= Mon frère, ce terroriste =

Book by Mohamed Sifaoui & Abdelghani Merah

First edition (publ. Calmann-Lévy)

Mon frère, ce terroriste ("My brother, that terrorist") is a book written by Mohamed Sifaoui and Abdelghani Merah, the elder brother of Mohammed Merah, who murdered seven people, including three Jewish children at a school in Toulouse. Abdelghani said he wrote the book to counteract the veneration of his brother by some young French Muslims, and in it, he denounces his family for fostering an "atmosphere of racism and hatred" that led to Mohammed's radicalisation and eventual attacks.

==His family==
Abdelghani condemns his family for creating a culture of hatred, and states that his brother's main motivation for the attacks was the antisemitism espoused by his family. He recalls that his mother told them throughout their childhood that Arabs were born to hate Jews. According to Merah, "my brother lived in a family that predestined him at best to delinquency and at worst to terrorism." His family supported the activities of the Islamic Salvation Front and the Armed Islamic Group, both banned terrorist organisations. He states that both of his nephews are being taught hatred of infidels, and are shown videos of jihad.

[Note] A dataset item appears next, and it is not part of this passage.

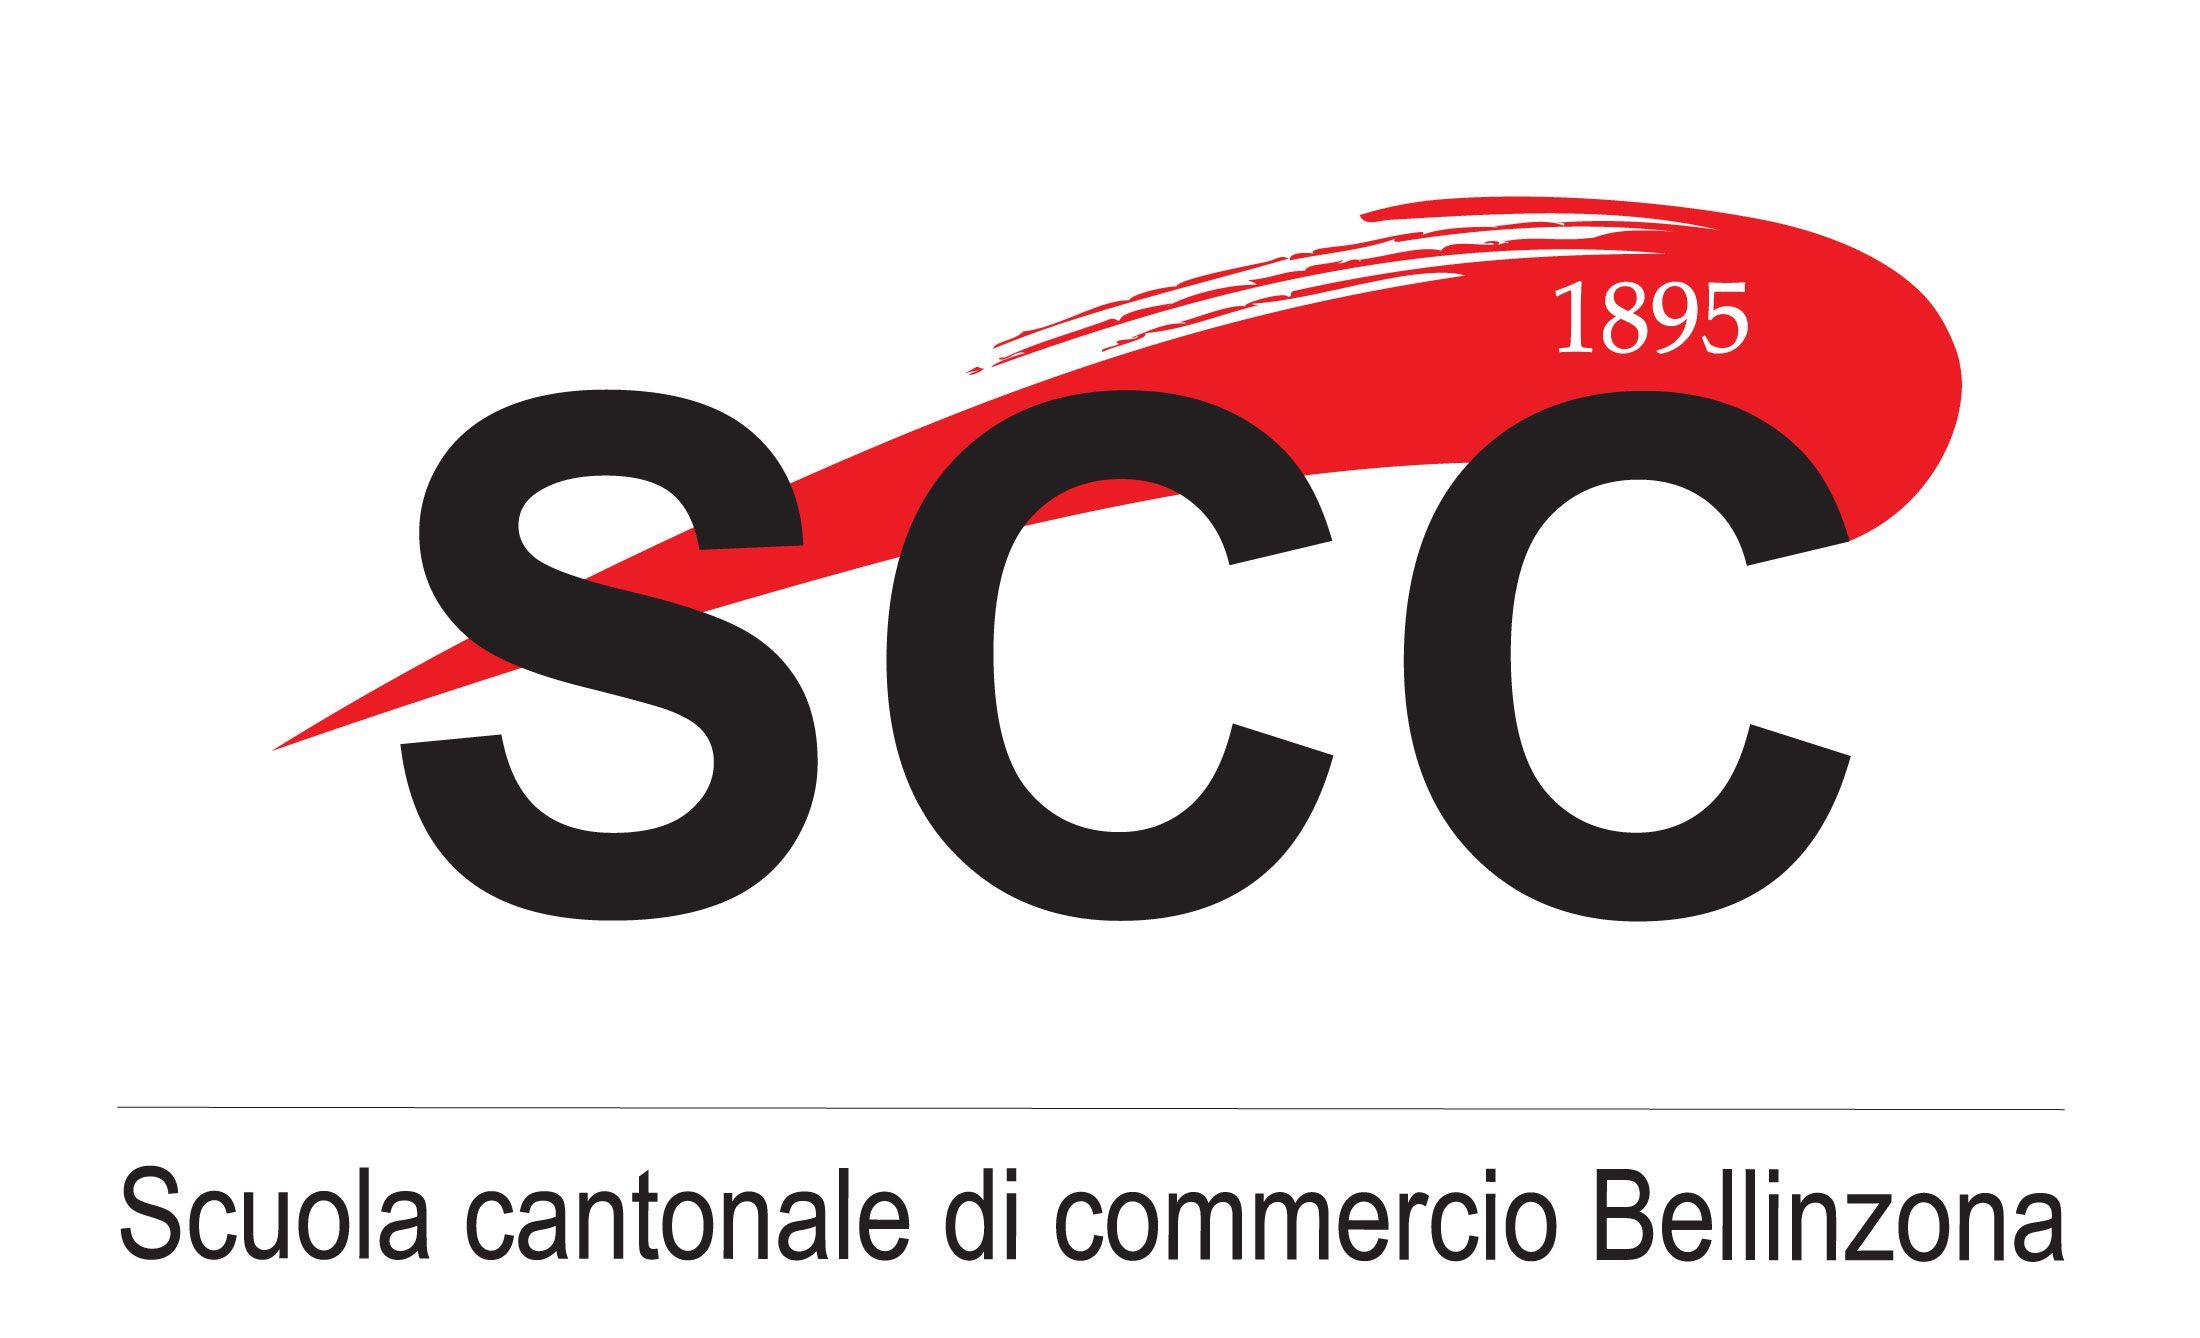 SCC Logo - SCC: Logo SCC

==Reactions to Mohammed's attack==
Abdelghani said that he wrote the book to resist the hero-worship of his brother among some young French Muslims. He recalls the jubilation at his brother's wake and recounts that people were congratulating his mother saying, "Be proud. Your son brought France to its knees". Abdelgani later filmed his sister saying, "Mohamed had the courage to act. I am proud, proud, proud...Jews, and all those who massacre Muslims, I detest them." Abdelgani has now severed all contact with his family and says he thinks regularly of the victims of the massacre and each day looks at their photos which he downloaded on his phone.